6. A preload-adjustable quasi-zero stiffness vibration isolator according to claim 1, characterized in that: The damping hammer assembly (400) includes a damping hammer cover (401) and a damping hammer cylinder (402). The damping hammer cylinder (402) is a cylindrical cavity with an open top, which is filled with a damping mixture. The damping hammer cover (401) covers and seals the upper opening of the damping hammer cylinder (402). The damping hammer cylinder (402) is fixed to the lower side of the upper support plate (101) by screws.
7. A preload-adjustable quasi-zero stiffness vibration isolator according to claim 6, characterized in that: The damping mixture filling the cylindrical cavity of the damping sand hammer cylinder (402) is, by mass percentage, 70%–80% quartz sand, 10%–20% cast iron particles, and 5%–10% damping powder.

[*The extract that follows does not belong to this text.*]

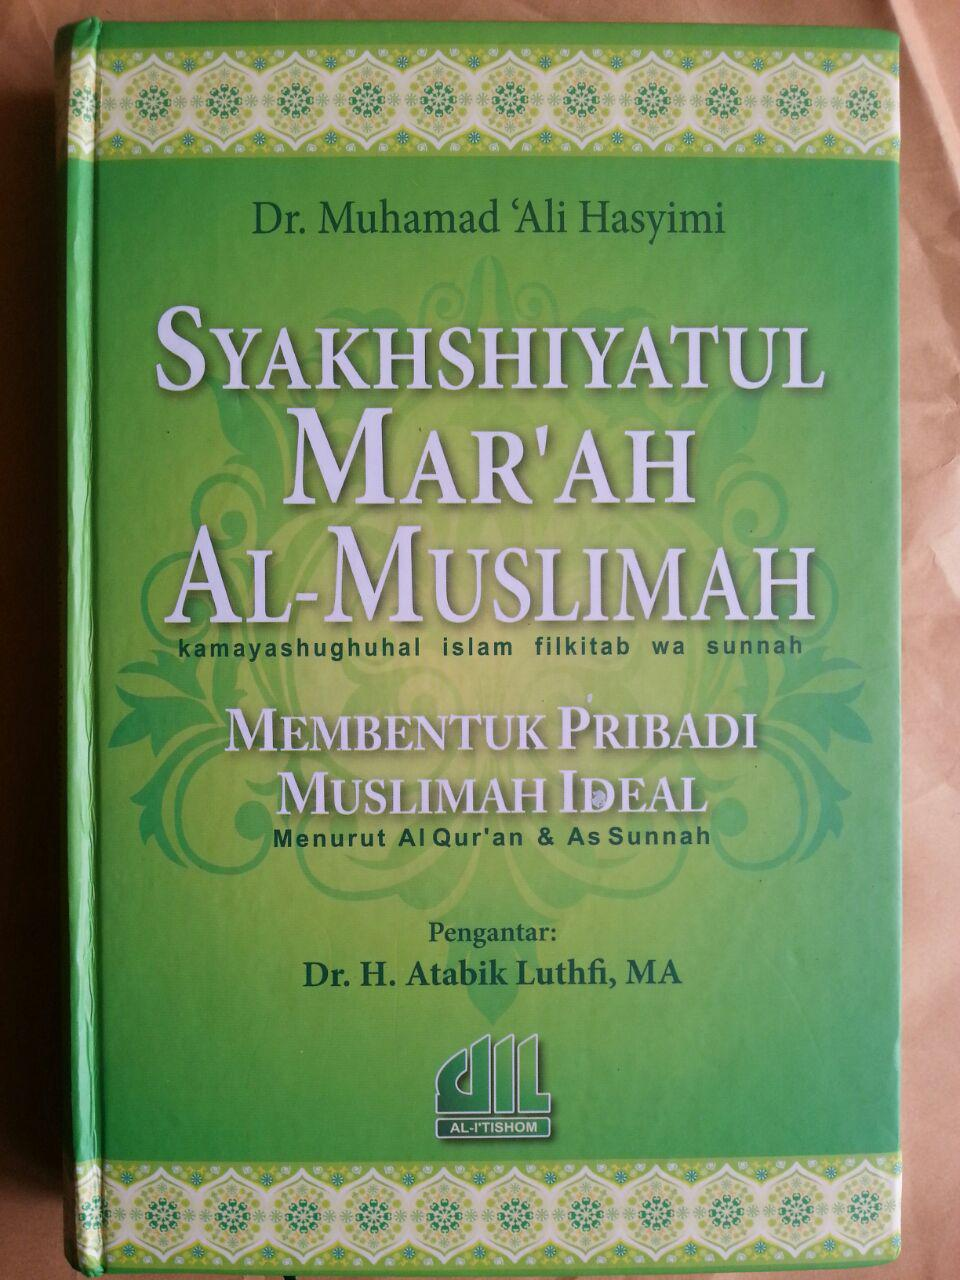 Buku Syakhshiyatul Mar'ah Al-Muslimah Membentuk Pribadi Muslimah Ideal cover 2

8. A preload-adjustable quasi-zero stiffness vibration isolator according to any one of claims 1-7, characterized in that: The natural frequency of the vibration isolator can be adjusted within the range of 0.8Hz to 1.2Hz, and the transmission rate for 10Hz vibration is less than 0.05, while the transmission rate for 50Hz vibration is less than 0.
01.
9. A vibration isolation system, characterized in that, It includes at least three preload-adjustable quasi-zero stiffness vibration isolators as described in any one of claims 1-8, the quasi-zero stiffness vibration isolators being evenly arranged at the bottom of the vibration-isolated equipment.